I also did not expect to be drinking a Banana Old Fashioned. In my house, the last pieces of Halloween candy left calcifying in the bottom of the treat sack come Christmas are likely to be the banana variant of Laffy Taffy. But the Banana Old Fashioned at Char and Lemon ($14) put in the work to win me over. The cocktail involves a laborious fat-washing process, cooking banana in butter and alcohol for 18 hours at low heat, then freezing the result so that the solids can be removed and the flavor retained. The rye-based drink is mixed with a dash of bitters and some simple syrup, poured over an ice cube, garnished with a cherry and lemon peel, then lightly smoked on its way to the table with a nifty hotbox that fits atop the glass. The flavors were layered but harmonious, the mouth-feel silky. No trace of Laffy Taffy.

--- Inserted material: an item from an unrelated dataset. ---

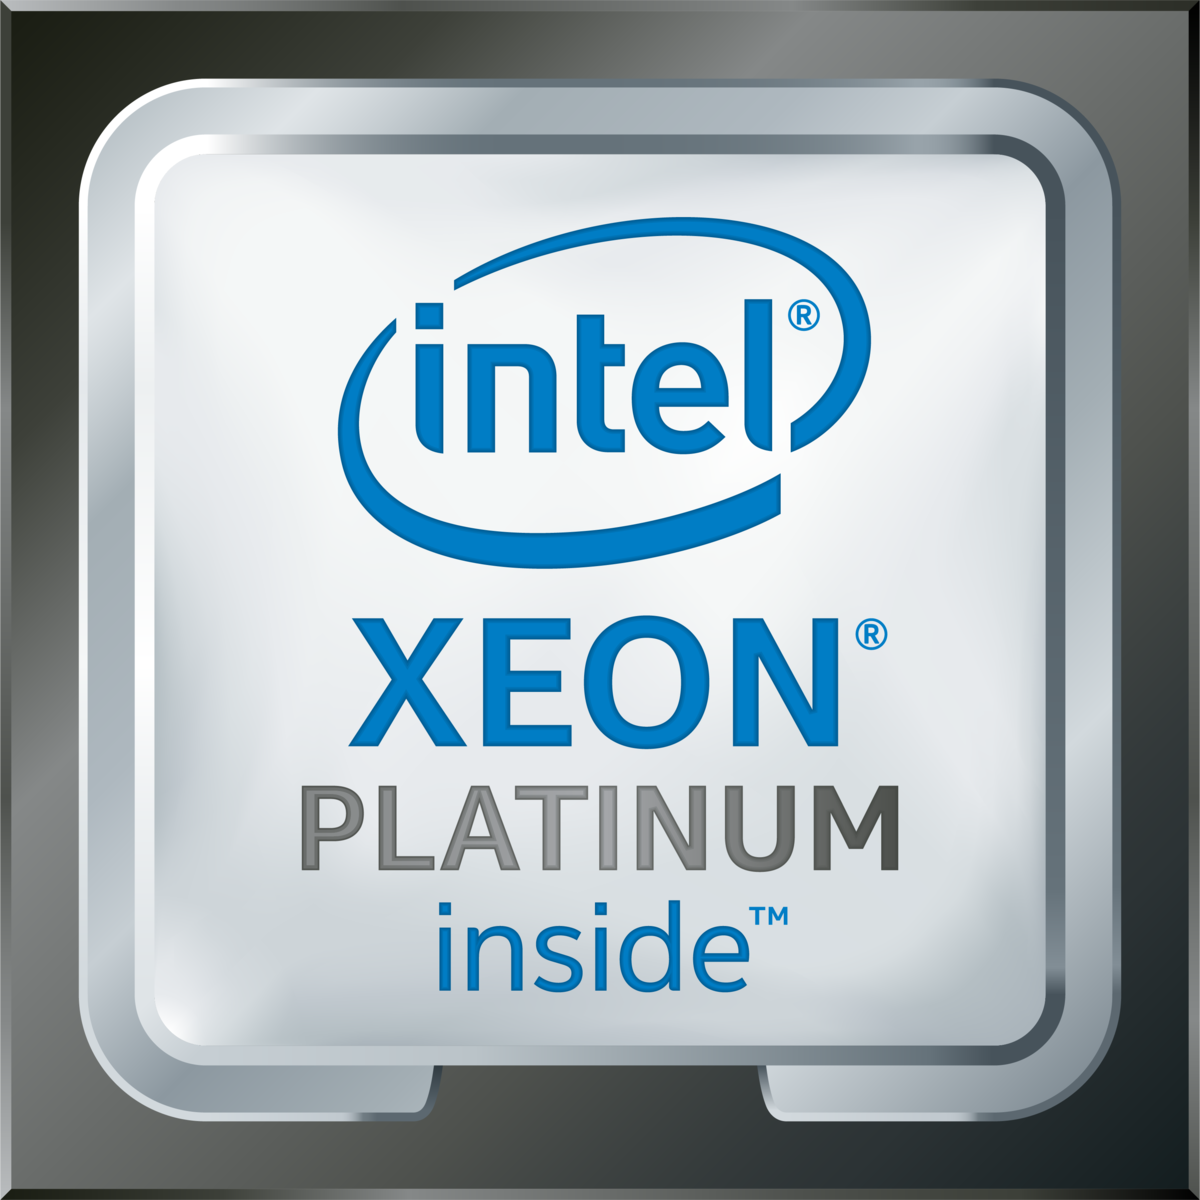 Intel(R) Xeon(R) Platinum 8124M CPU @ 3.00GHz's logo

For the main course, our table split a pasta and two pizzas. The Short Rib Gnocchi ($26) met my red-sauce requirement and then some. The housemade potato pasta was almost at a 1:1 ratio with the melty, dreamy, pot-roasty meat.

For pizza, we had to try the signature Char and Lemon ($20), a white pie with bufala mozzarella, mascarpone, arugula and lemon slices. Thinly sliced and baked at cellulose-melting temps, the lemons were soft enough that you barely notice you’re biting into one until you get its welcome pop of tartness against the super rich mascarpone. We also tried the Spice of Life ($20), featuring an excellent tomato sauce, fresh mozzarella, fresh jalapeños and housemade spicy sausage with a drizzle of hot honey. On both pies, the rim was pillowy and breadstick-thick, while the interior was so thin that a supportive serving utensil was needed to prevent topping sloppage. The dough was delicious and just the slightest bit sweet. It’s easy to see how it does double-duty for pizza and the calzones on the dessert menu, which come in Nutella and S’more flavors ($14), though we opted instead for an absolute mountain of the Zeppole ($14), dusted with cinnamon sugar and served with a bowl of chocolate chip-studded cannoli cream.
You don’t have to go to Quarry Walk to experience this menu; Char and Lemon recently opened a scene-y sister restaurant next to the Guilford Green. That’s certainly a more storied bit of communal land, which, like New Haven’s, was used as an early burial ground. But does it really take colonial skeletons under your feet to make a town square feel, you know… real?
According to The Velveteen Rabbit, when someone “loves you for a long, long time, not just to play with, but REALLY loves you, then you become Real.” Seven years into its tenancy at Quarry Walk, Char and Lemon has clearly earned a lot of love. Even on a stormy Wednesday night, there was a 15-minute wait for a four-top. Families, couples and friend groups packed the place, buzzing congenially, toasting martinis, watching the pizza dough somersault through the air—a Dynamic center of community, Downtown or not.
Written and photographed by Sarah Harris Wallman.